→ **Assigned task**:
Could you repeat exactly the lines below, from the line containing "GraphicRiver Guest Dj Party Flyer 10951950" through the last one, both included, while leaving out any pictures?

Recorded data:
===
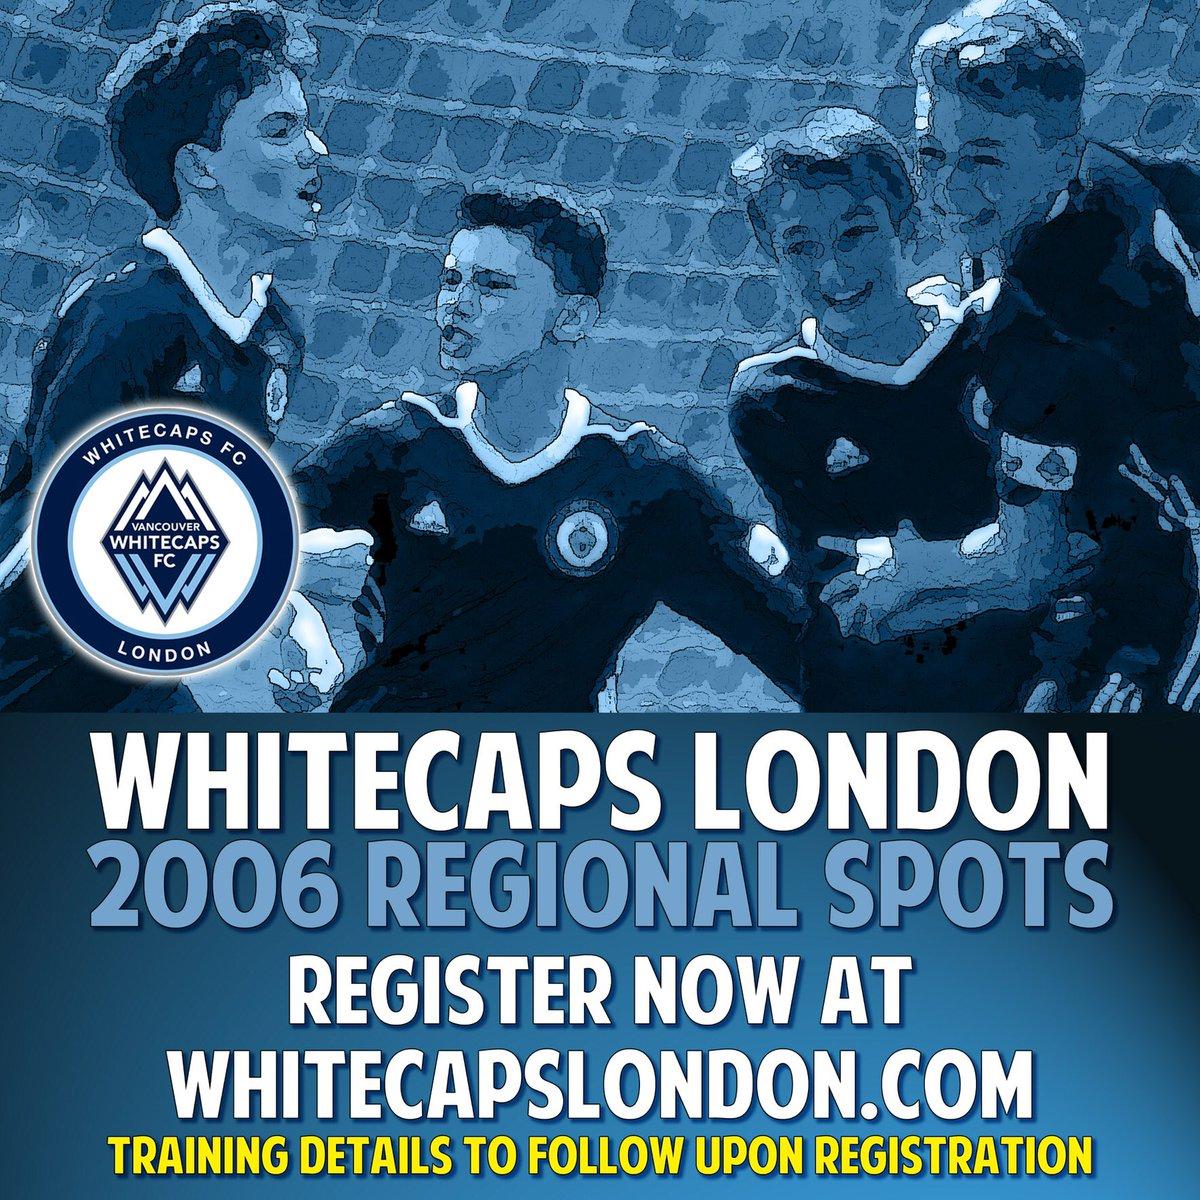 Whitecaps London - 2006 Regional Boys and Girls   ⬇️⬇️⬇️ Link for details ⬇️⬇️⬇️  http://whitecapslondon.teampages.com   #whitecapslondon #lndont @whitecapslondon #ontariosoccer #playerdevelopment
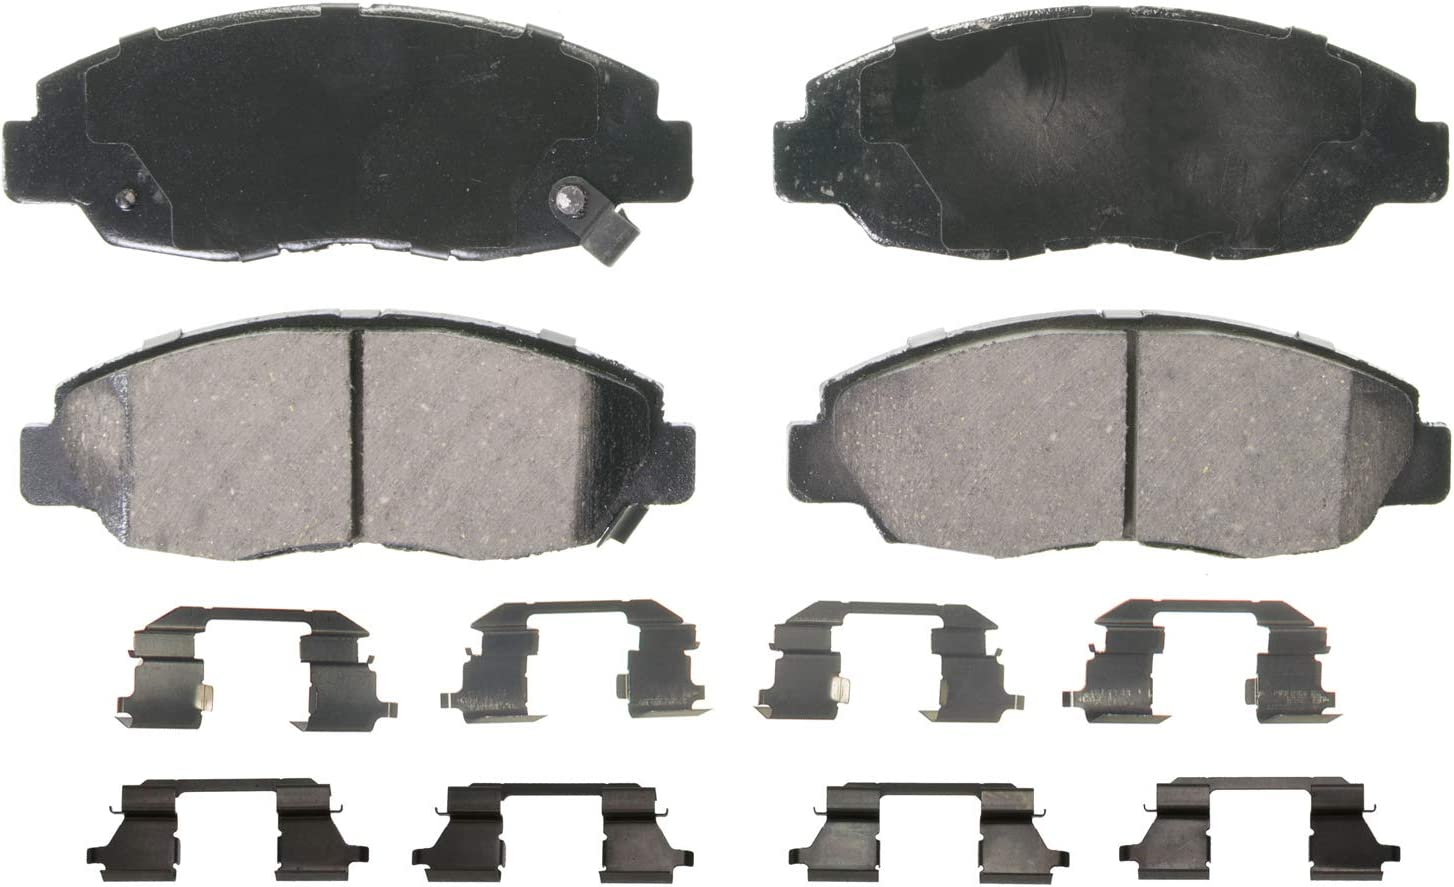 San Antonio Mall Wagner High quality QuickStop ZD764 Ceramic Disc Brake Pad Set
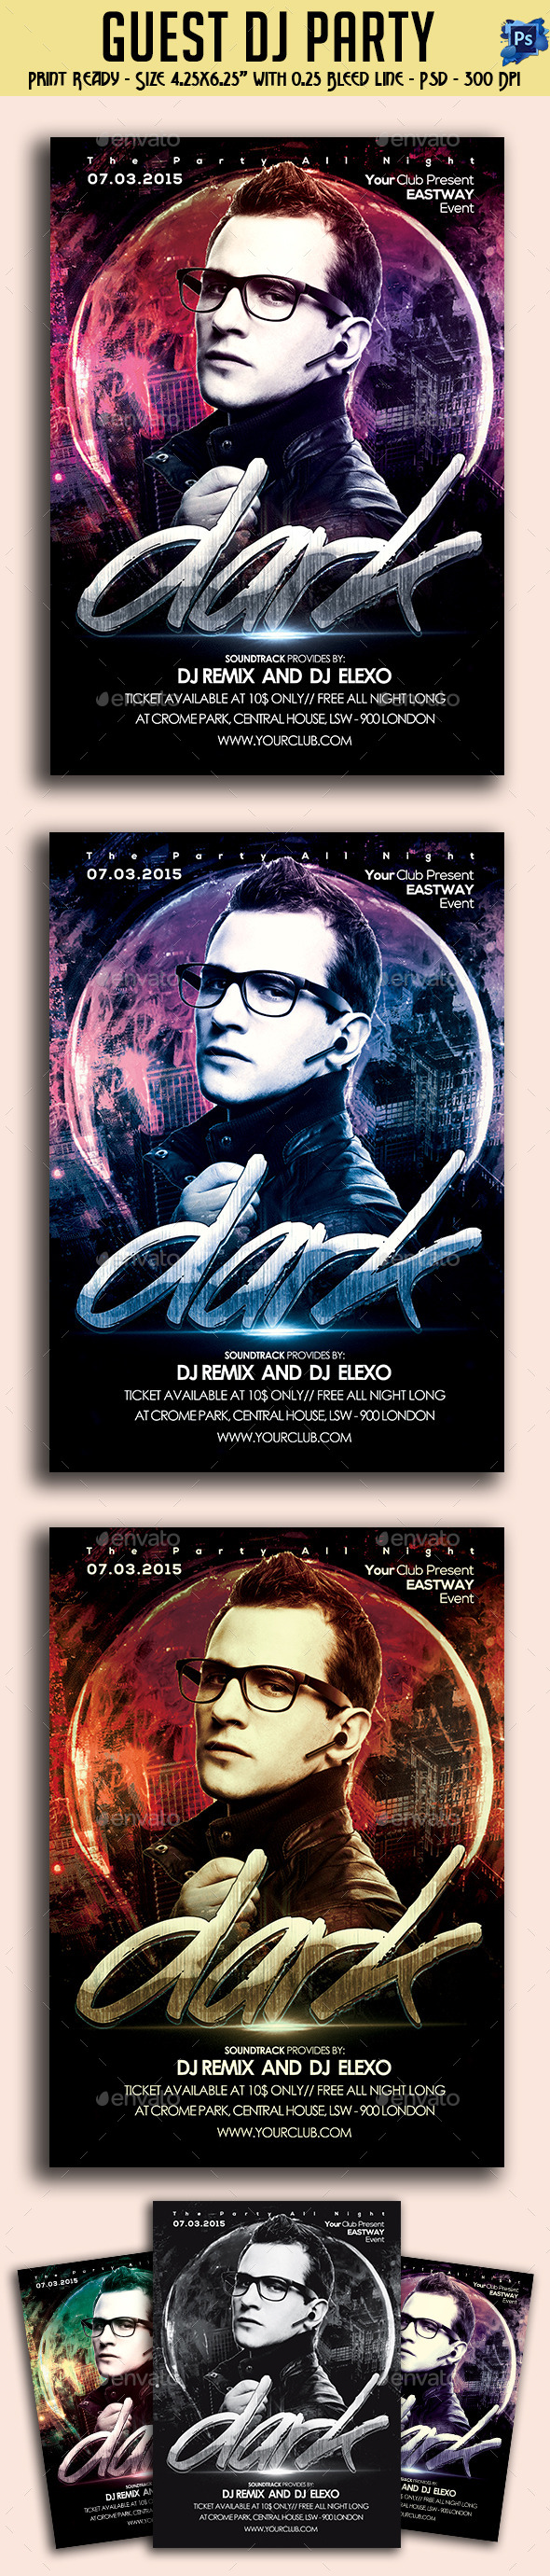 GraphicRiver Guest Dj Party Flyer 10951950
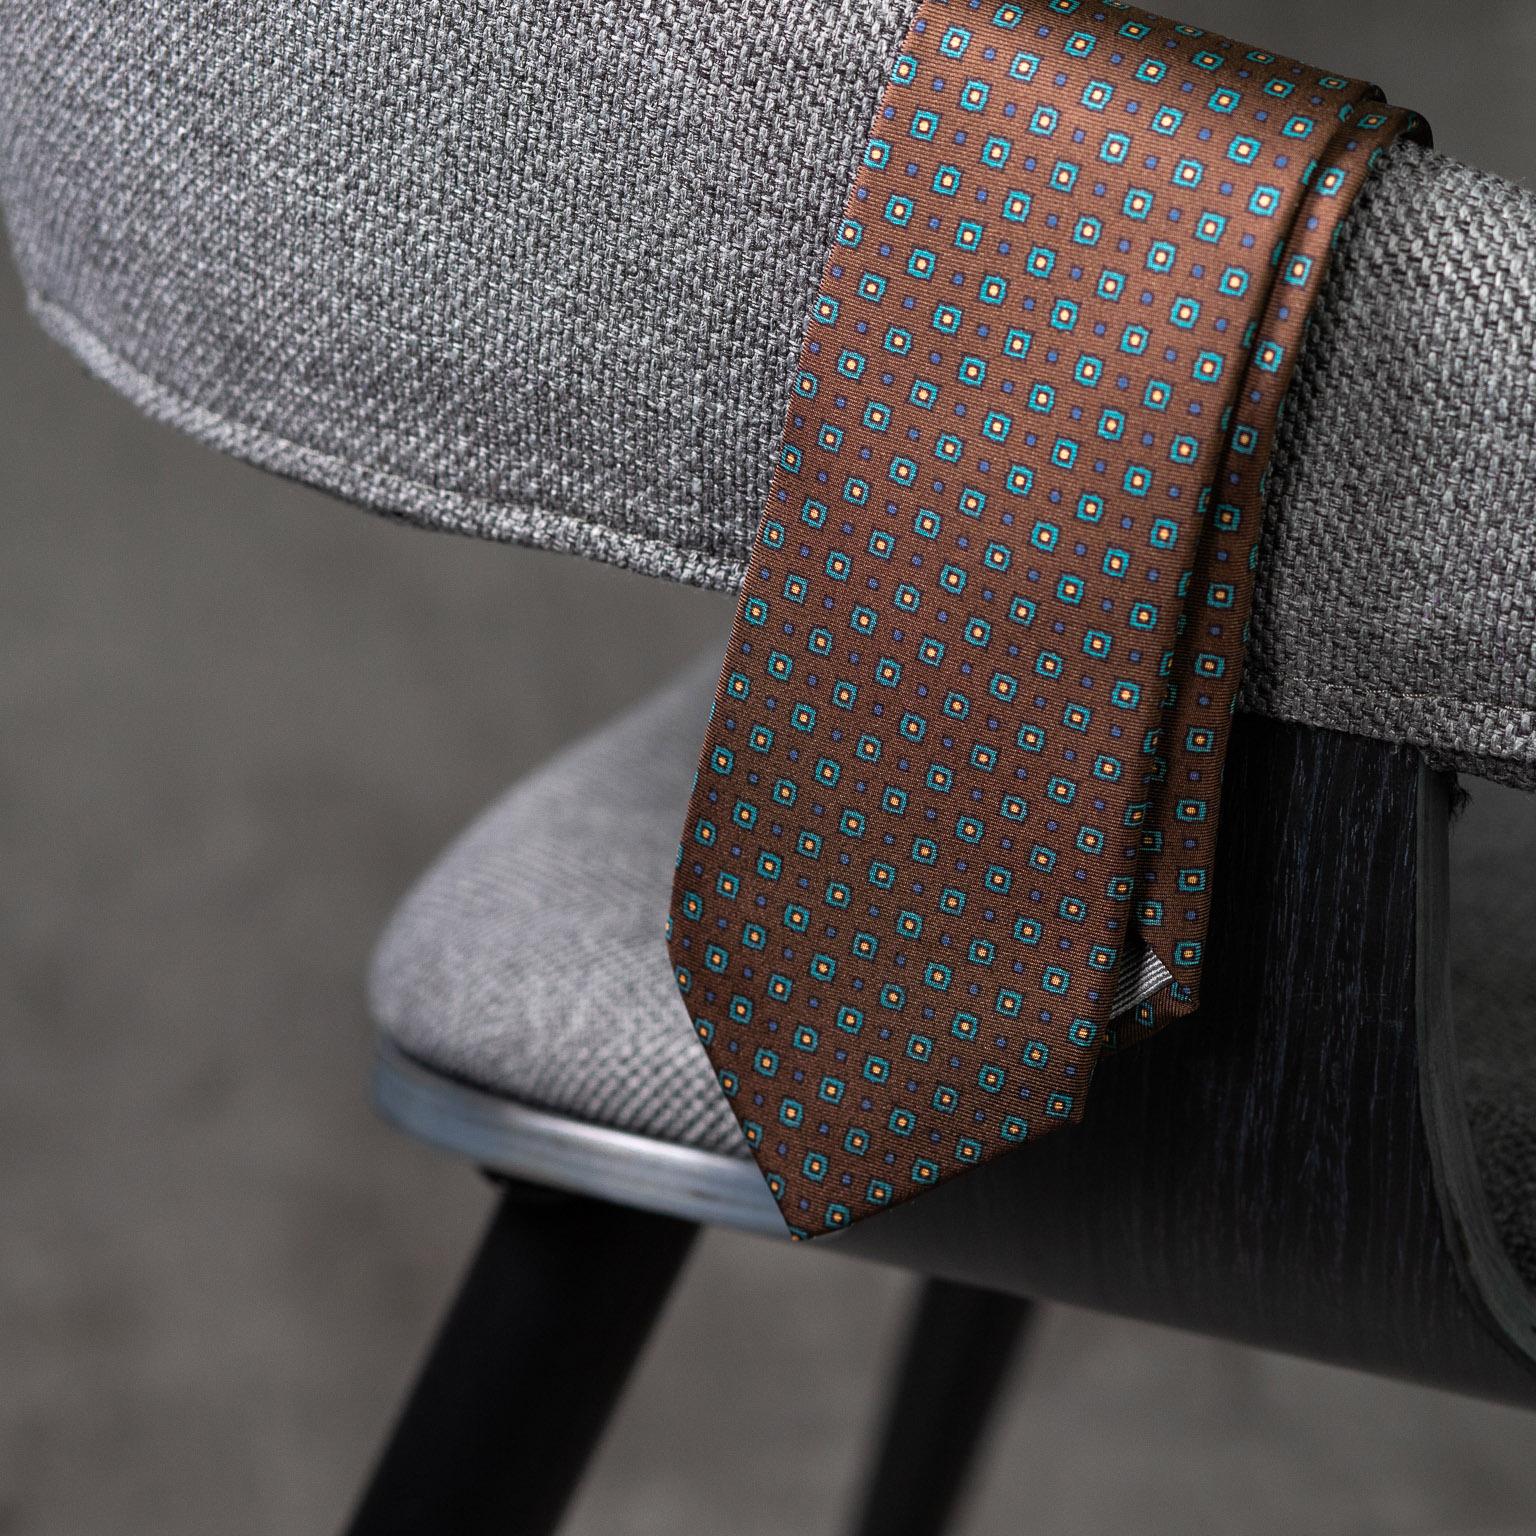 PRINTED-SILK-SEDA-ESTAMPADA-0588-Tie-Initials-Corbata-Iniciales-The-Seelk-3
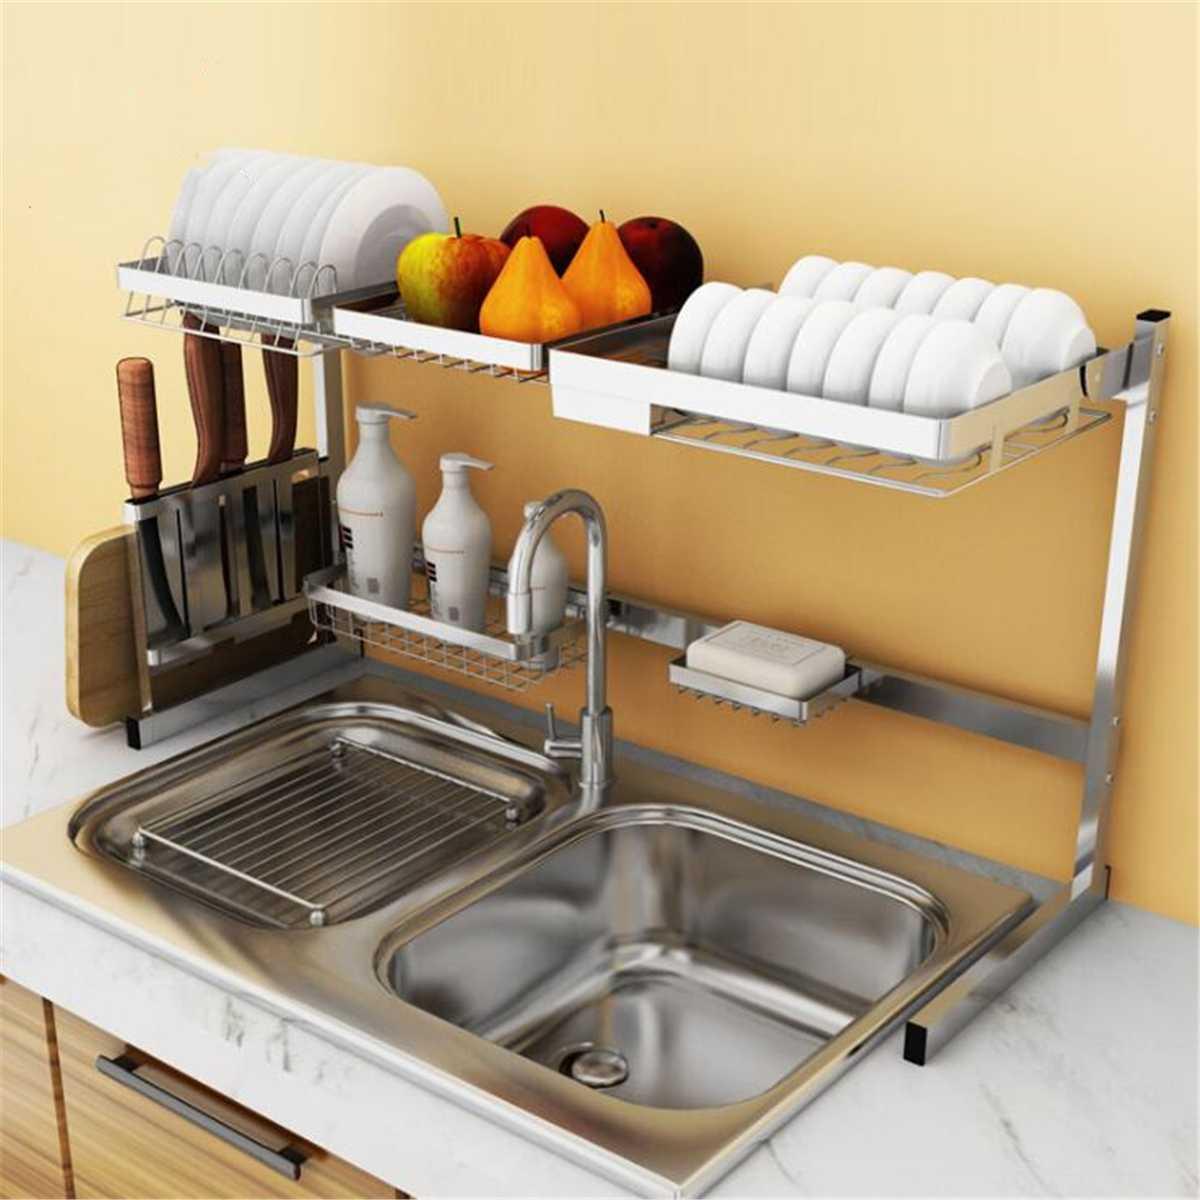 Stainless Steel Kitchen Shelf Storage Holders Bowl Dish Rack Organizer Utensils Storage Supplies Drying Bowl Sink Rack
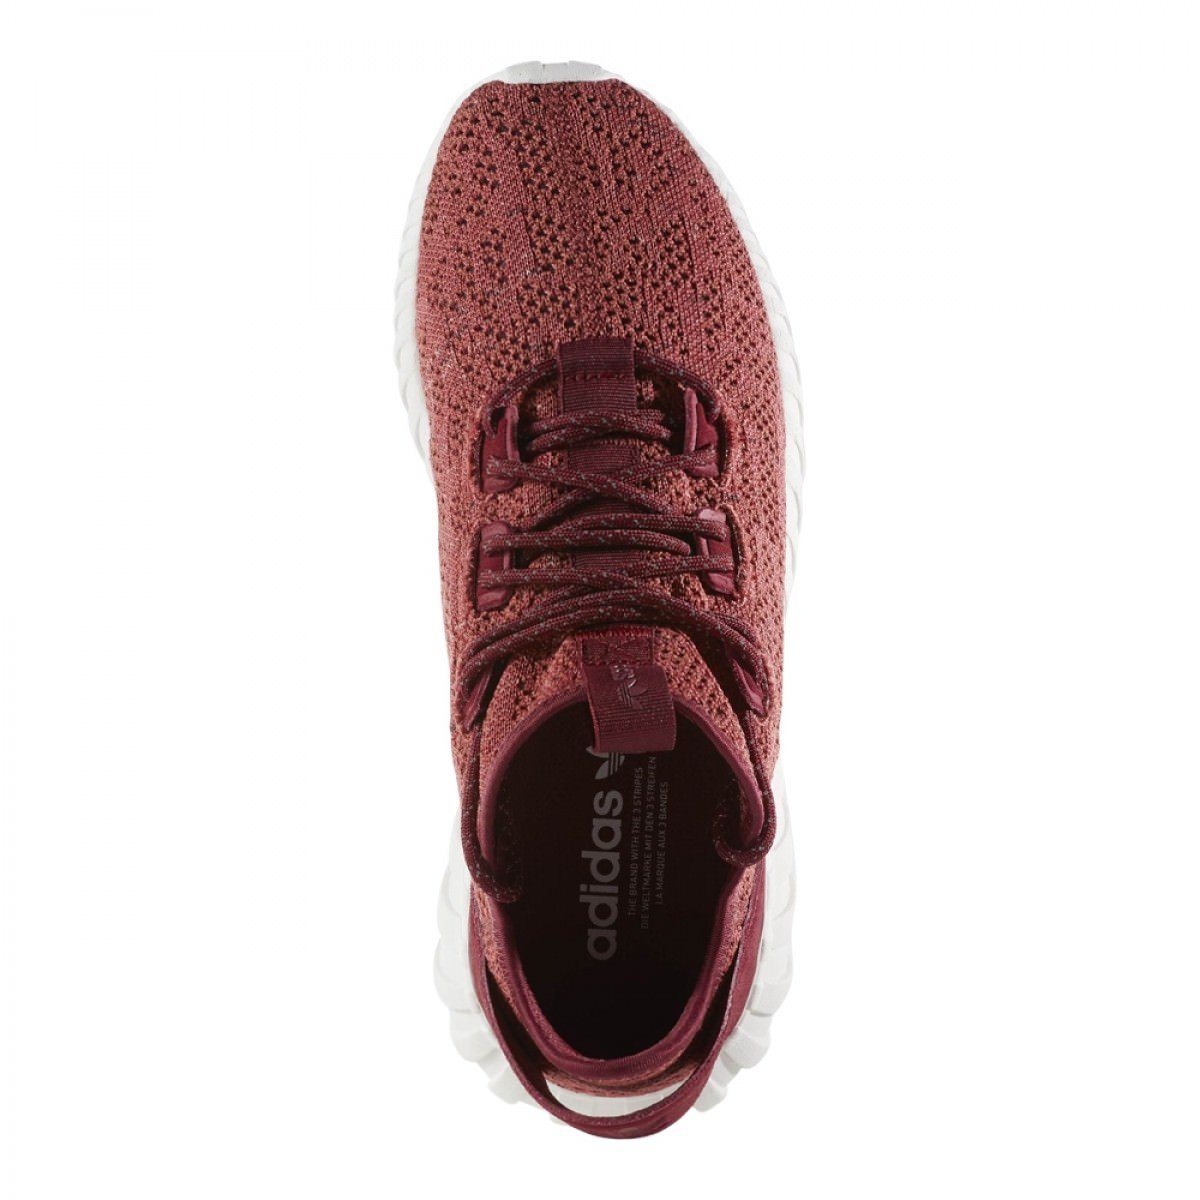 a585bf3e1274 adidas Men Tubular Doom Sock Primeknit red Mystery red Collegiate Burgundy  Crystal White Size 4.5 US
===
→ **Exercise result**:
 GraphicRiver Guest Dj Party Flyer 10951950
 PRINTED-SILK-SEDA-ESTAMPADA-0588-Tie-Initials-Corbata-Iniciales-The-Seelk-3
 Stainless Steel Kitchen Shelf Storage Holders Bowl Dish Rack Organizer Utensils Storage Supplies Drying Bowl Sink Rack
 a585bf3e1274 adidas Men Tubular Doom Sock Primeknit red Mystery red Collegiate Burgundy  Crystal White Size 4.5 US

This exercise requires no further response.